Ah, Pacman. Possibly the world’s most famous video character ever (although that may now be Mario). Born from a Japanese programmer who was eating pizza and got struck with inspiration. In case you don’t know for some reason, the point of Pacman was to eat all the dots in the maze, avoiding the ghosts along the way. There were some larger “power pellet” dots that temporarily turned the ghosts blue, allowing you to chase them for a short time. There also occasionally appeared some sort of fruit, which was worth extra points. That’s it. The maze never changed, the object never changed; the fruit would change and the ghosts’d get faster. That’s about it. Yet it became one of the most popular games of its generation. Mainly because it was the first real non-space-based arcade game. Maybe because, in its simplicity, the game is still fun to play and requires quick reflexes to master. In any case, it’s Pacman.
Here’s a trivia note: did you know the ghosts all had names? And that one of those names was “Clyde?” You may never look at this game the same way again, knowing that Clyde could get you. Ah, Clyde.

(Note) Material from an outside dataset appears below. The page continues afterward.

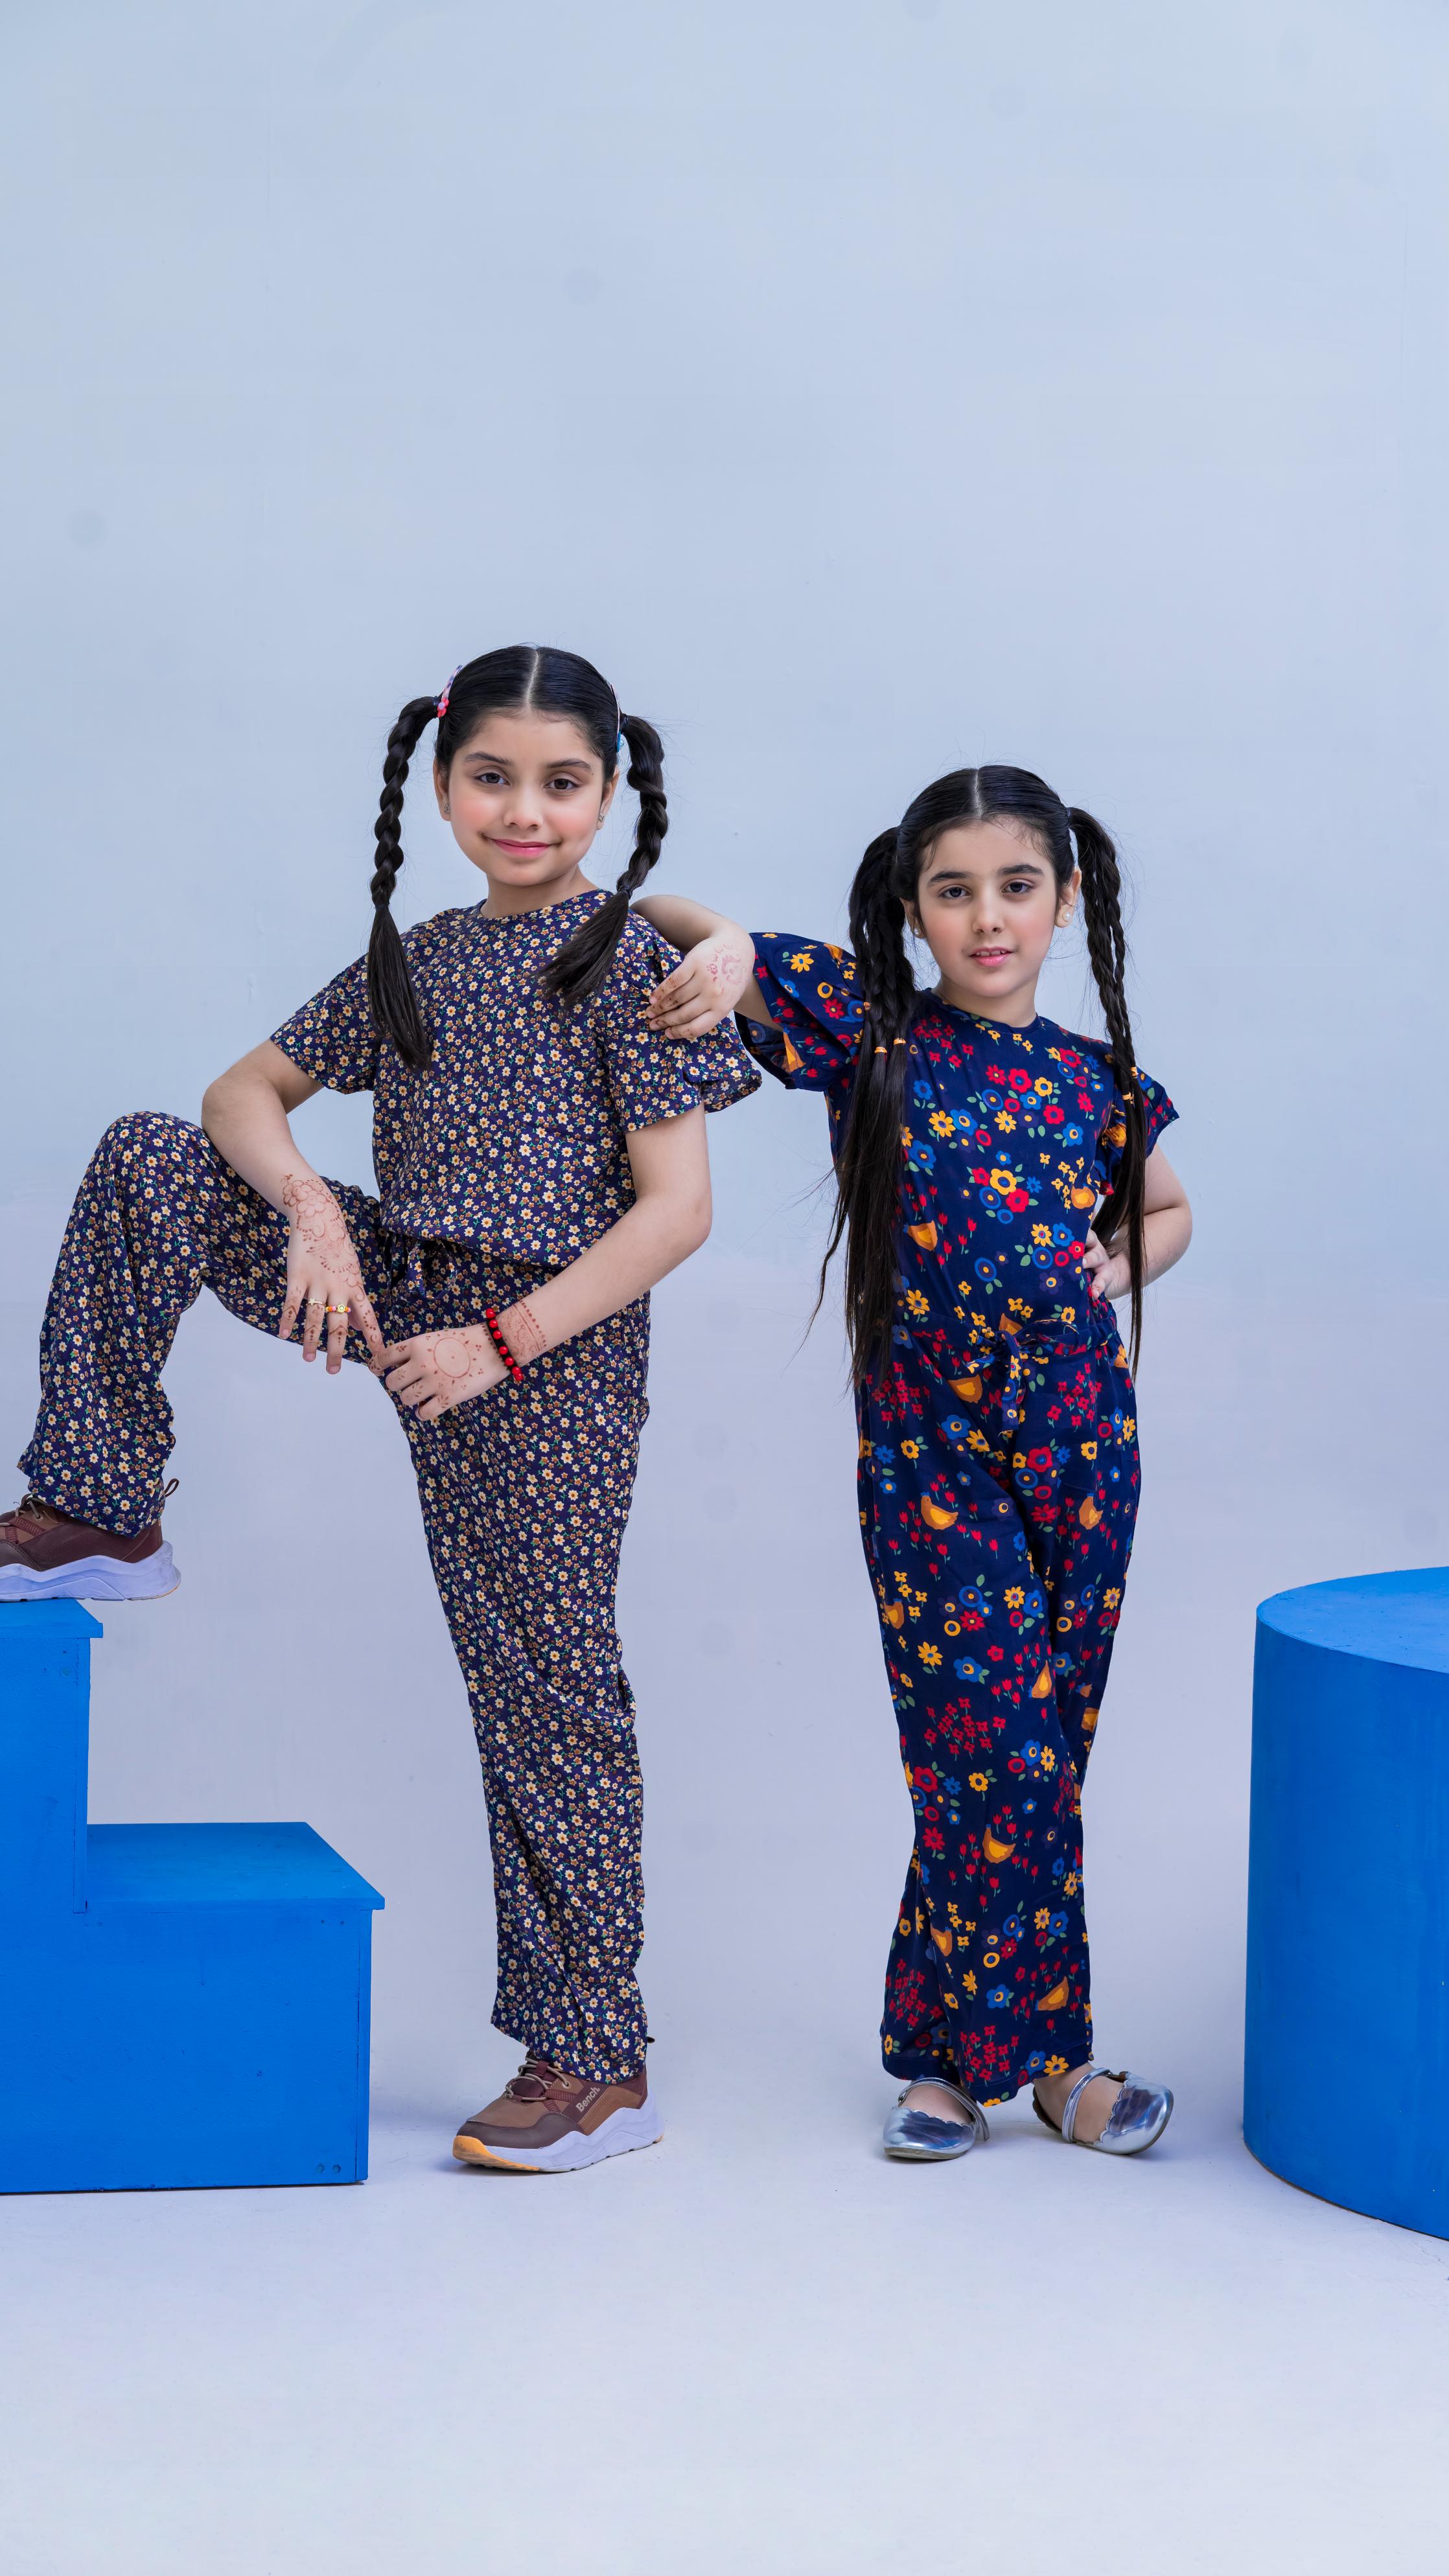 Allover Flowers Print Belted Jumpsuit Girls-2403-Navy

Rating: C+ (there are better versions of this game out there)
King Tut’s Tomb
King Tut’s Tomb got corrupted on our disk, so I hadn’t played it until I got it on an emulator recently. The goal was to sneak through King Tut’s tomb, stealing his treasure while avoiding the dangerous creatures along the way. Shooting undead cobras kills them, apparently. Along the way you needed to pick up keys to open the keyholes blocking your way, eventually culminating in the GIANT DOOR at the end, which contained a big lamp. Unique to this game was the ability to customize your controls a bit, and the shield factor: instead of instantly dying when you were touched, the denizens of the tomb drained your shield until you reached 0, at which point you’d become a cute lil’ skull and crossbones.
King Tut’s Tomb was mostly a shoot-em-up in a maze. It was pretty fun, but nothing outstanding. Give it a try, if you’re bored.

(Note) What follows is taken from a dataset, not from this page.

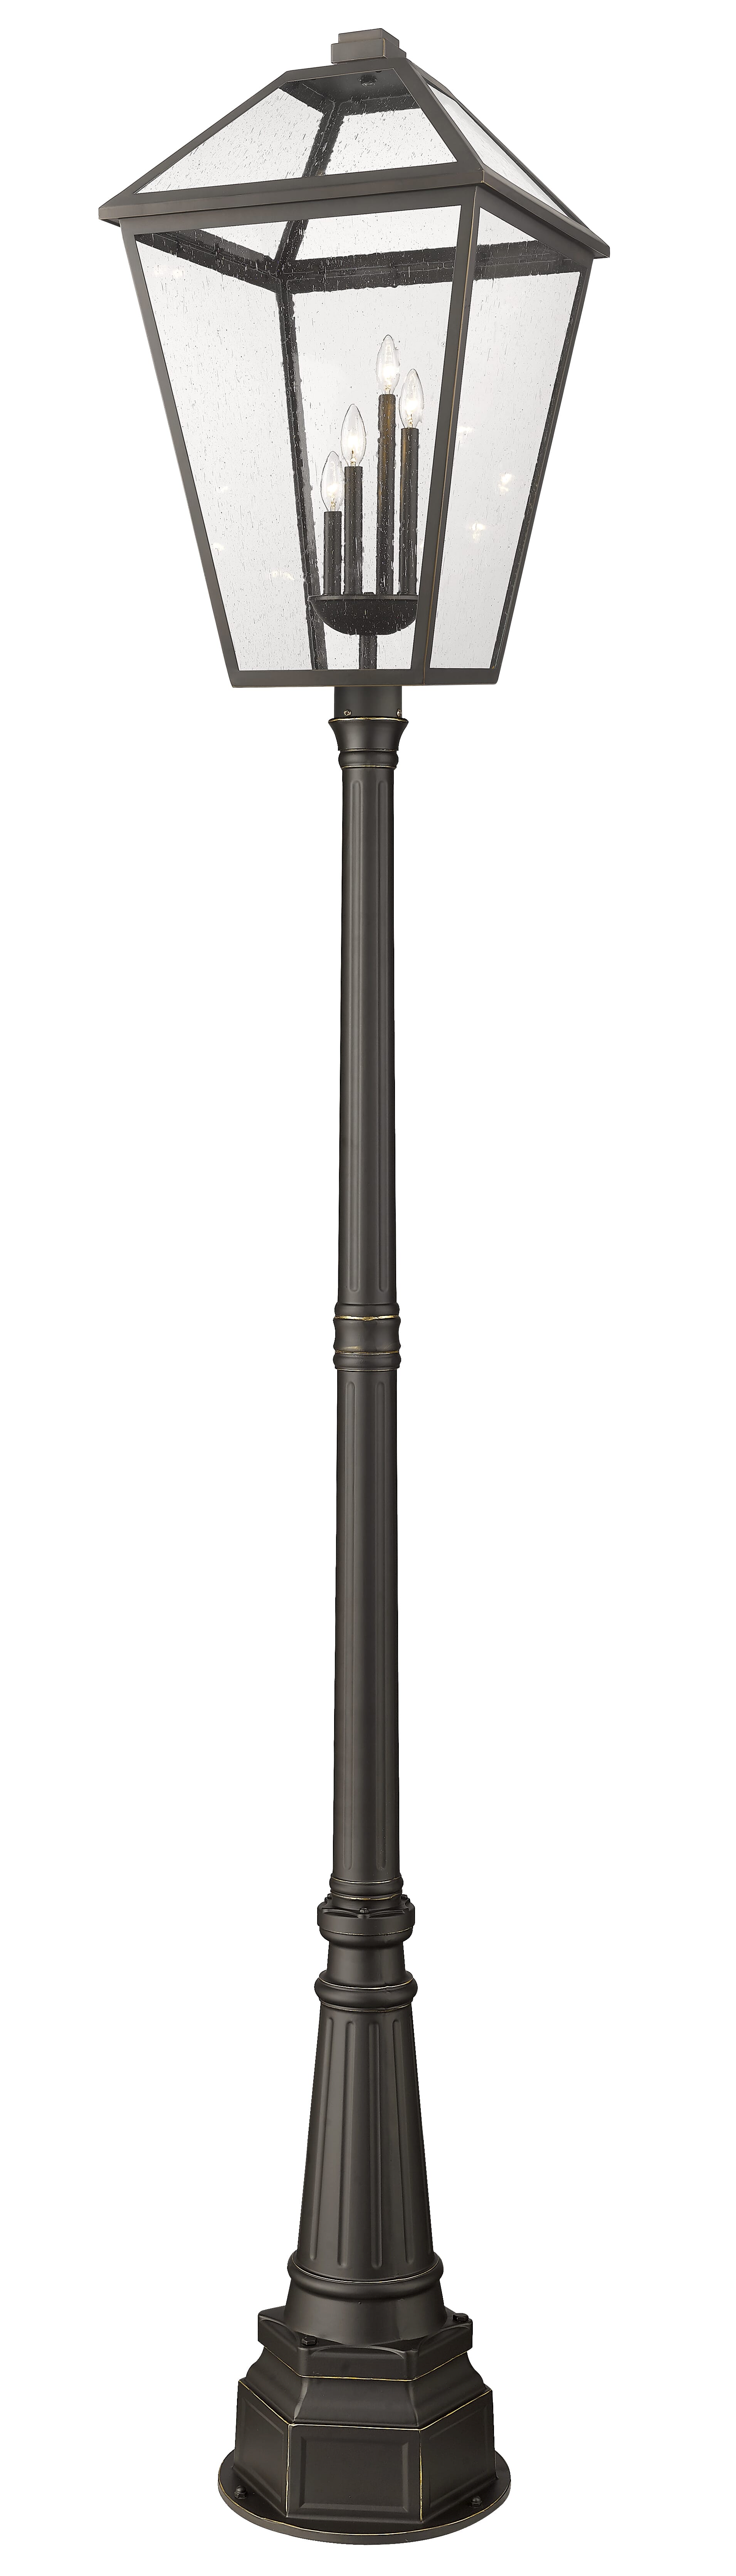 Talbot 4-Light Outdoor Post Mounted Fixture Light In Oil Rubbed Bronze

So disk 3 apparently had a lot of the more famous early video games on it, and Centipede definitely falls into that category. You were a little gun-type apparatus trying to rid your mushroom field from bugs, including a spider that’d jump around and some sort of slug, maybe(?) (it looked like a fairy) that’d turn your mushrooms different colors. The main pest, however, was the eponymous centipede, who would slowly wriggle its way toward your end of the field. Shooting a section of the centipede would split it into two different ‘pedes, who would then both invade your space by different paths. Completely destroying a centipede would get you to the next level, where everything changed colors and went faster.
This game was another one of those early reflex-dependent games with little else going for it. There was no music, and the sounds were just of your gun firing and the centipede moving around. Still, its simplicity can make it a good coffee-break game, and there are dozens of versions available for all platforms, so grab one and rid your mushroom farm of pests in style!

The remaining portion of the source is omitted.